Мы продирались вверх сквозь ущелья перевала Гэрровэй, когда Подд резко остановился; ощупью, не видя ничего в темноте, я нашел его и обнаружил, что он застыл, прислонившись лбом к скале.

На мой вопрос «Что-то не так?» он ответил:

— Погодите – у меня кровь на губах.

И после добавил:

— Думаю, у меня начинается кровотечение.

— Тогда нам лучше вернуться, — сказал я.

Но он сразу оживился и сказал:

— Все будет хорошо. Пойдемте.

Мы продолжили наш трудный путь.

Примерно через полчаса мы вышли на небольшое плато площадью с восемьсот квадратных ярдов; с трех сторон его окружали поросшие соснами утесы. С утеса позади нас струился поток воды, который растекался по платформе довольно широкой рекой, прокладывал себе дорогу между скалами и ниспадал пенистым водопадом с переднего края плато.

— Вот мы и на месте, — промолвил Подд, сев на скалу и склонив голову к коленям.

— Подд, вы в беде, — сказал я, остановившись рядом с ним.

Он не отвечал, но с трудом приподнял голову и поглядел на Луну глазами, которые сами были подобны ночному светилу — земной спутник уменьшился до половинного размера и переходил в убывающую четверть.

— Теперь смотрите, — сказал Подд с одышкой и дрожью в голосе, так что я был вынужден наклониться, чтобы расслышать его сквозь шум воды. — Я привел вас сюда, потому что вы мне очень дóроги. Вскоре вы увидите то, над чем глаза ни единого смертного, кроме моих, не исторгали соленую влагу слез...

Когда он произносил эти слова, я впервые с некоторым потрясением осознал, что и впрямь приблизился к созерцанию чего-то беспредельного. Я более не сомневался в том, что его задыхающаяся речь содержала зерно истины; в сущности, я внезапно понял, что Подд говорил правду, и мое сердце забилось быстрее.
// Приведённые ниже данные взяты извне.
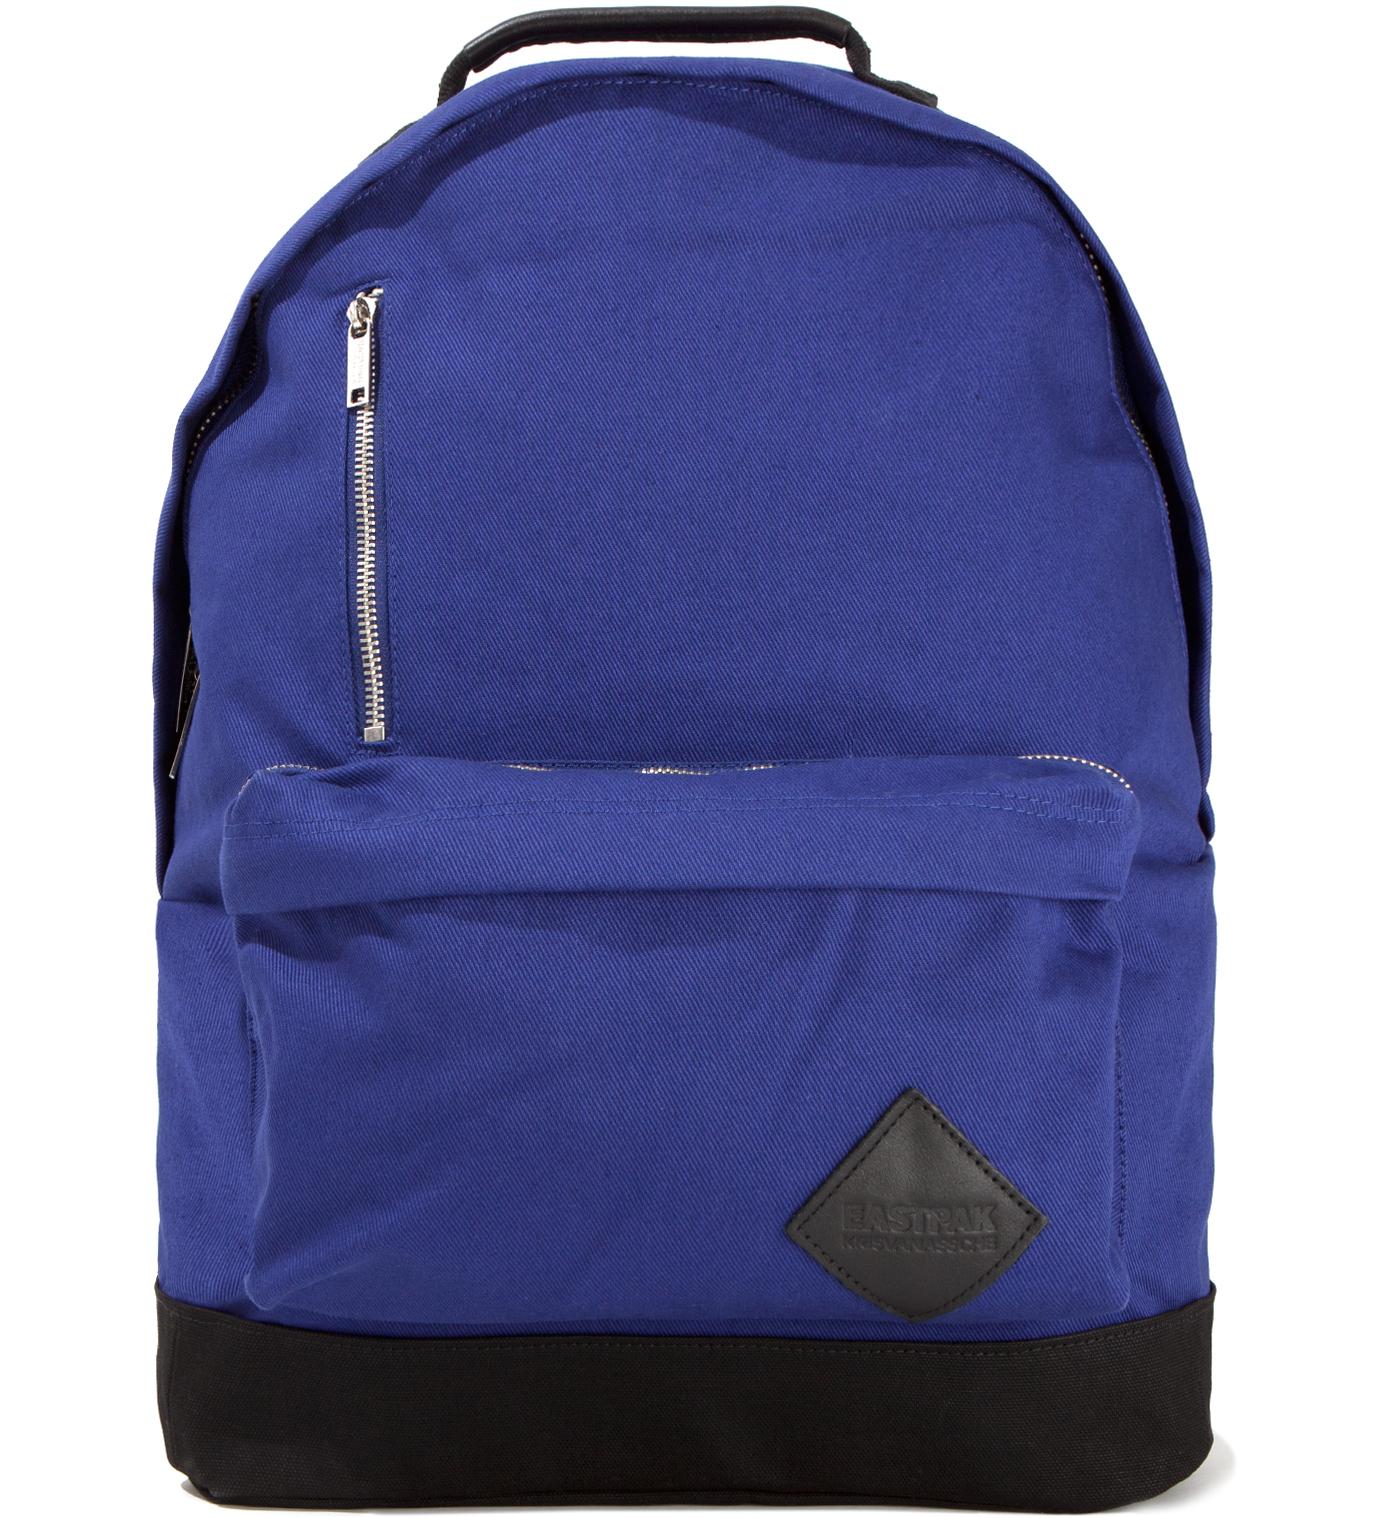 KRISVANASSCHE Eastpak KRISVANASSCHE Blue Cotton Backpack II

— Но как вы примете это зрелище? — продолжал он. — Действительно ли я окажу вам услугу? Вы видите, как это сказалось на мне — мысль о том, что создавшее нас — самая наша сущность — породила такую горечь! Нет, вам нельзя увидеть все, узреть самое худшее: там я остановлюсь. Видите водопад, что падает к нашим ногам? Я могу, погрузив некий камень в определенное место реки, превратить скопище воды и пены в стекловидную массу — две массы стекла — две огромные двояковыпуклые линзы. Я случайно обнаружил это однажды ночью, пять лет назад — в черную ночь моей жизни. Нет, что-то мне нездоровится нынче вечером. Не имеет значения. Спускайтесь прямо по этой стороне скалы — это нетрудно — пока не достигнете пещеры. Войдите в нее; затем заберитесь наверх по выемкам на стене. Вы окажетесь на уступе, край которого находится приблизительно на два фута позади внутреннего окуляра. Через четыре минуты, начиная с данного мгновения, Луна покажется перед вами; и я дам вам пять минут созерцания — не более. Вы увидите ее примерно в трехстах ярдах от себя, и она будет терзать ваш мозг, словно десять триллионов поездов. Но никогда не рассказывайте ни одной живой душе, что вы видели на ней. Ступайте, ступайте! Да, не очень-то хороший выдался вечер...

Он встал с таким болезненным усилием, что я сказал:

— Вы еще не вошли в реку, Подд, и уже дрожите? Почему вы не покажете мне, как разместить камень?

— Нет, — пробормотал он, — вы не должны знать, не должны! все в порядке, я справлюсь, идите. Поначалу продолжайте двигать глазами, пока не поймаете фокусное расстояние. Там много призматических и сферических искажений, радужных граней, и повсюду вторгается желтая спектральная линия натрия – объектив столь велик и тонок, что, кажется, еле улавливает свет. Не имеет значения, вы сами все прекрасно увидите — в перевернутом виде, конечно. Диоптрические картины, как в телескопе. Ступайте, идите, не теряйте времени зря; я управлюсь с камнем. И вы должны всегда помнить — что я воздал вам — в полной мере — за всю вашу любовь.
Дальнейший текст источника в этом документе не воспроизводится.